### Instructions to follow
Reproduce every line of the material below, but drop the pictures.

### Available data
---
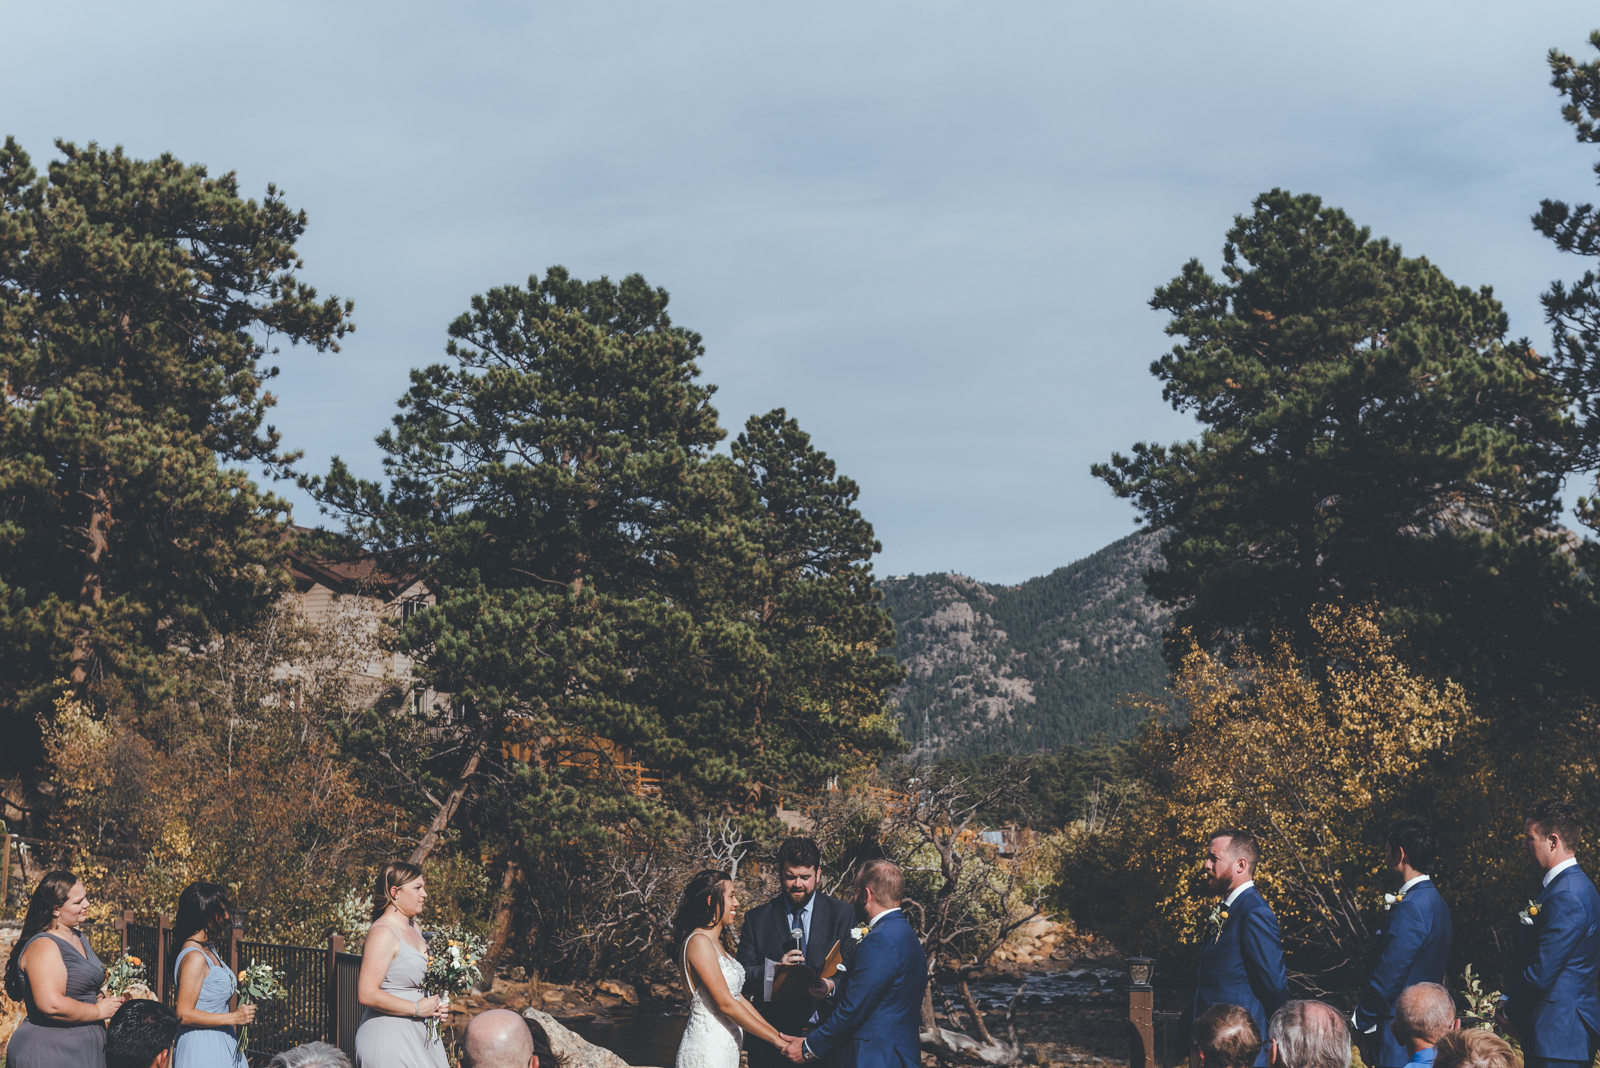 ChadFahnestockPhotography-estes-park-wedding-photography-022.jpg
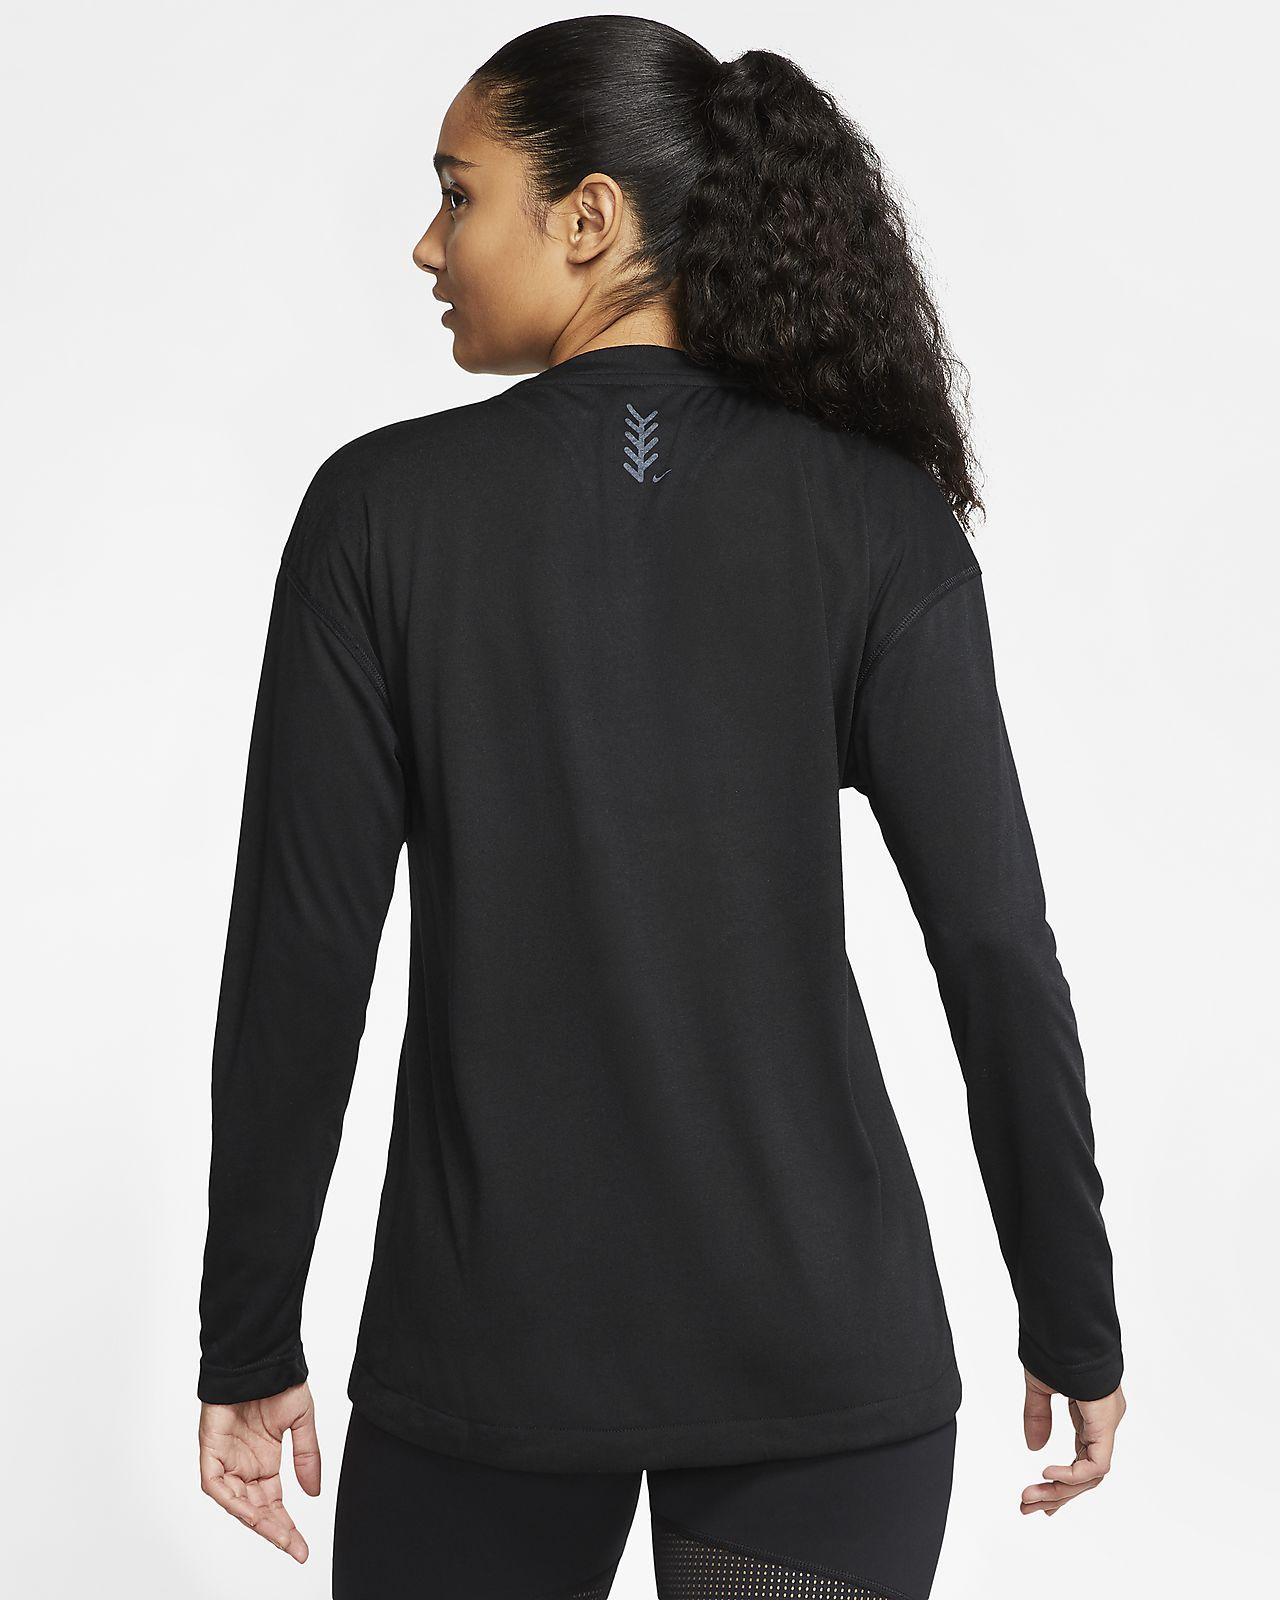 Nike Breathe Women's Long Sleeve Softball Top
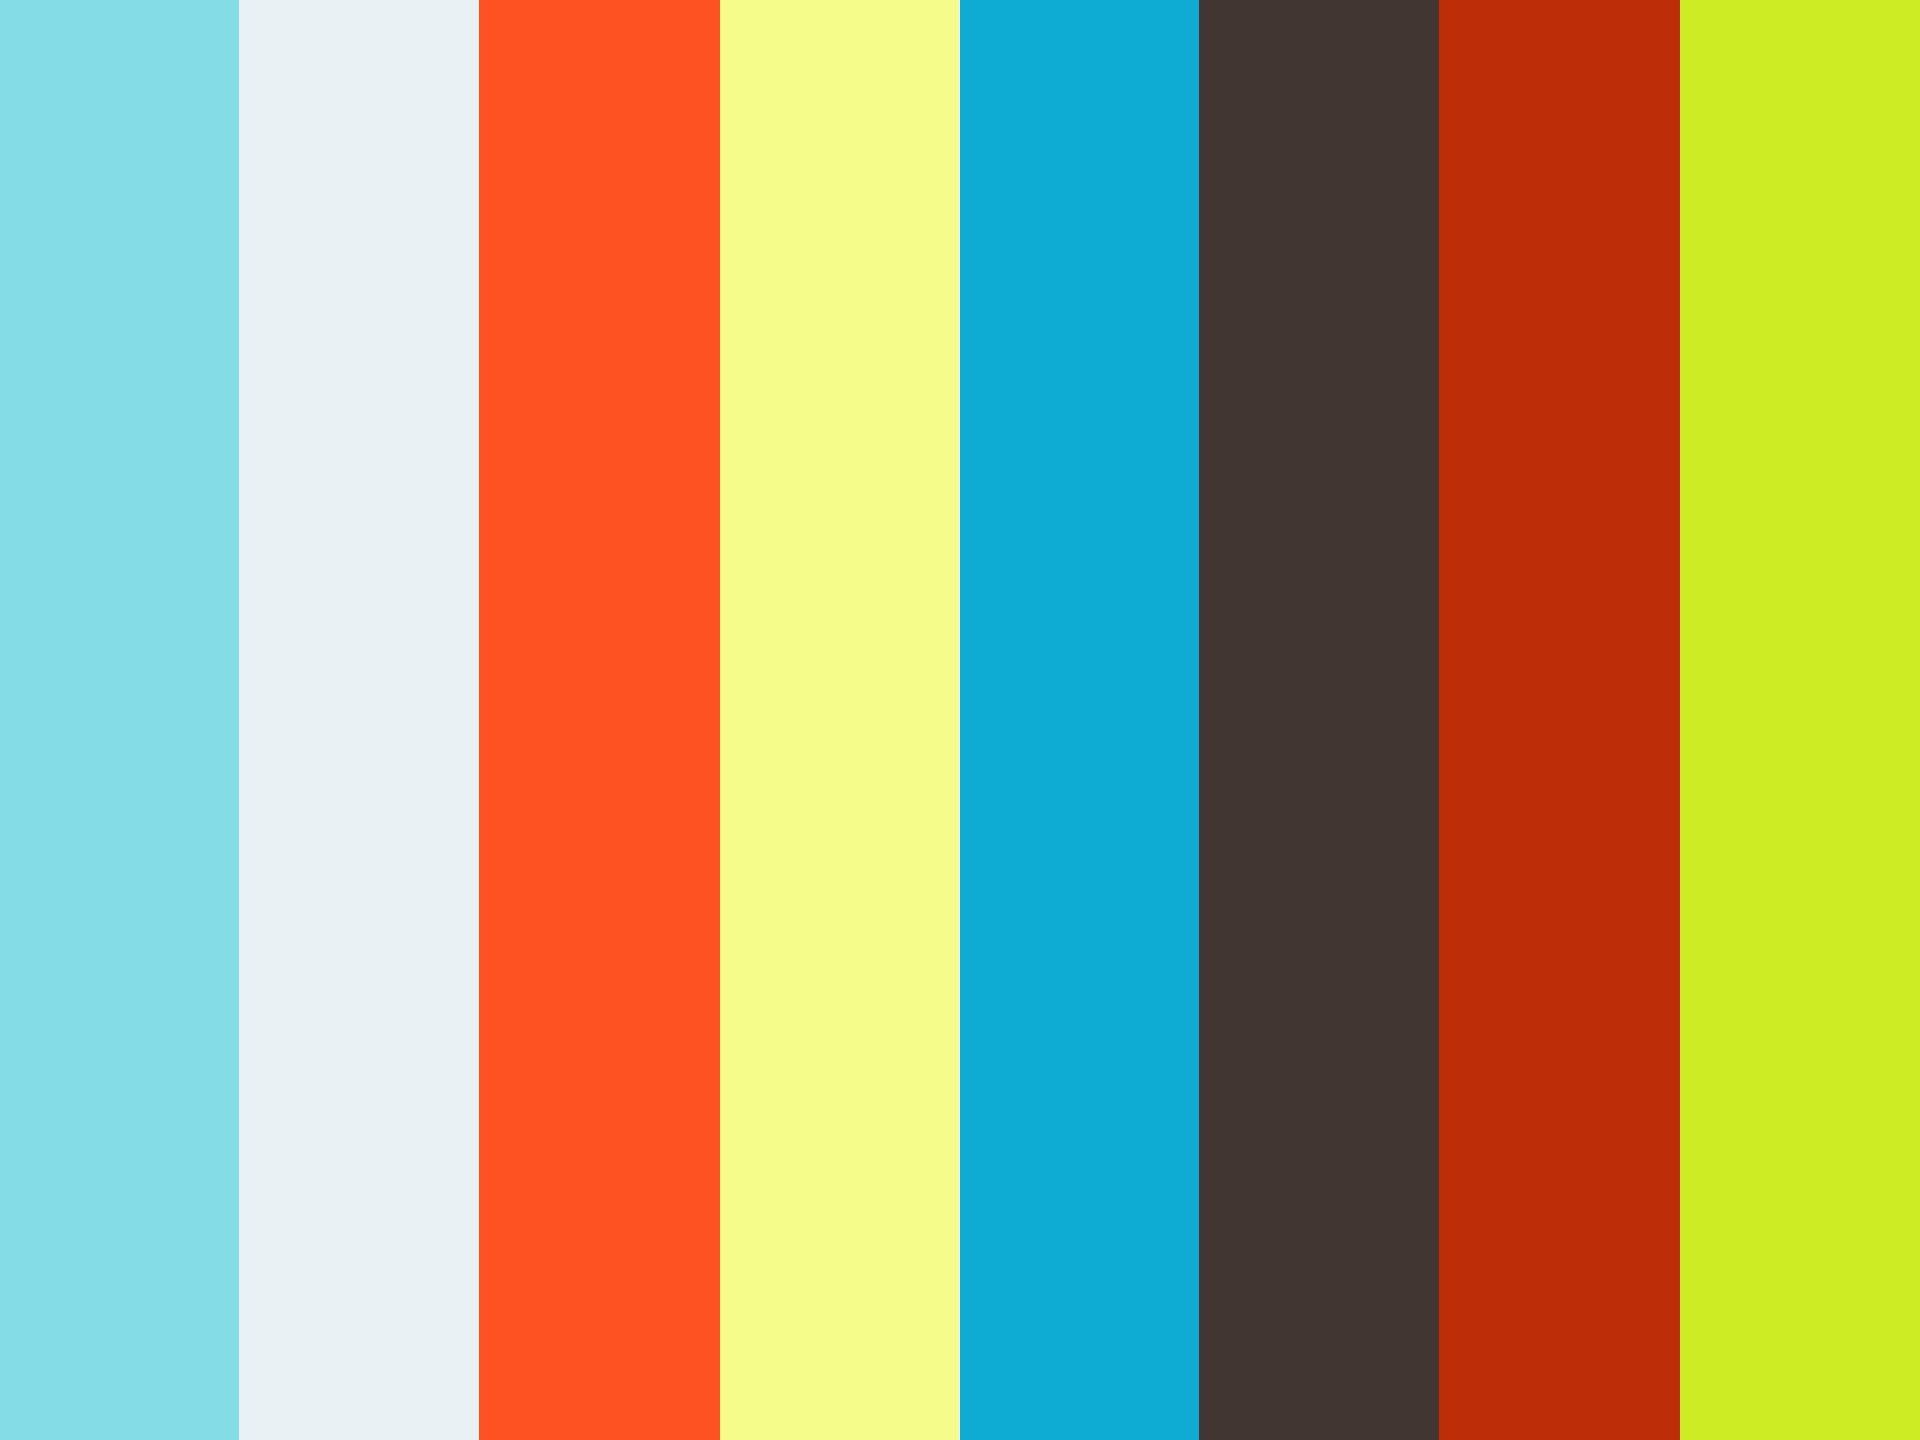 【Nex】八木洋二郎先生 : ダイレクトボンデットレストレーション #2
---
### Answer space
 ChadFahnestockPhotography-estes-park-wedding-photography-022.jpg
 Nike Breathe Women's Long Sleeve Softball Top
 【Nex】八木洋二郎先生 : ダイレクトボンデットレストレーション #2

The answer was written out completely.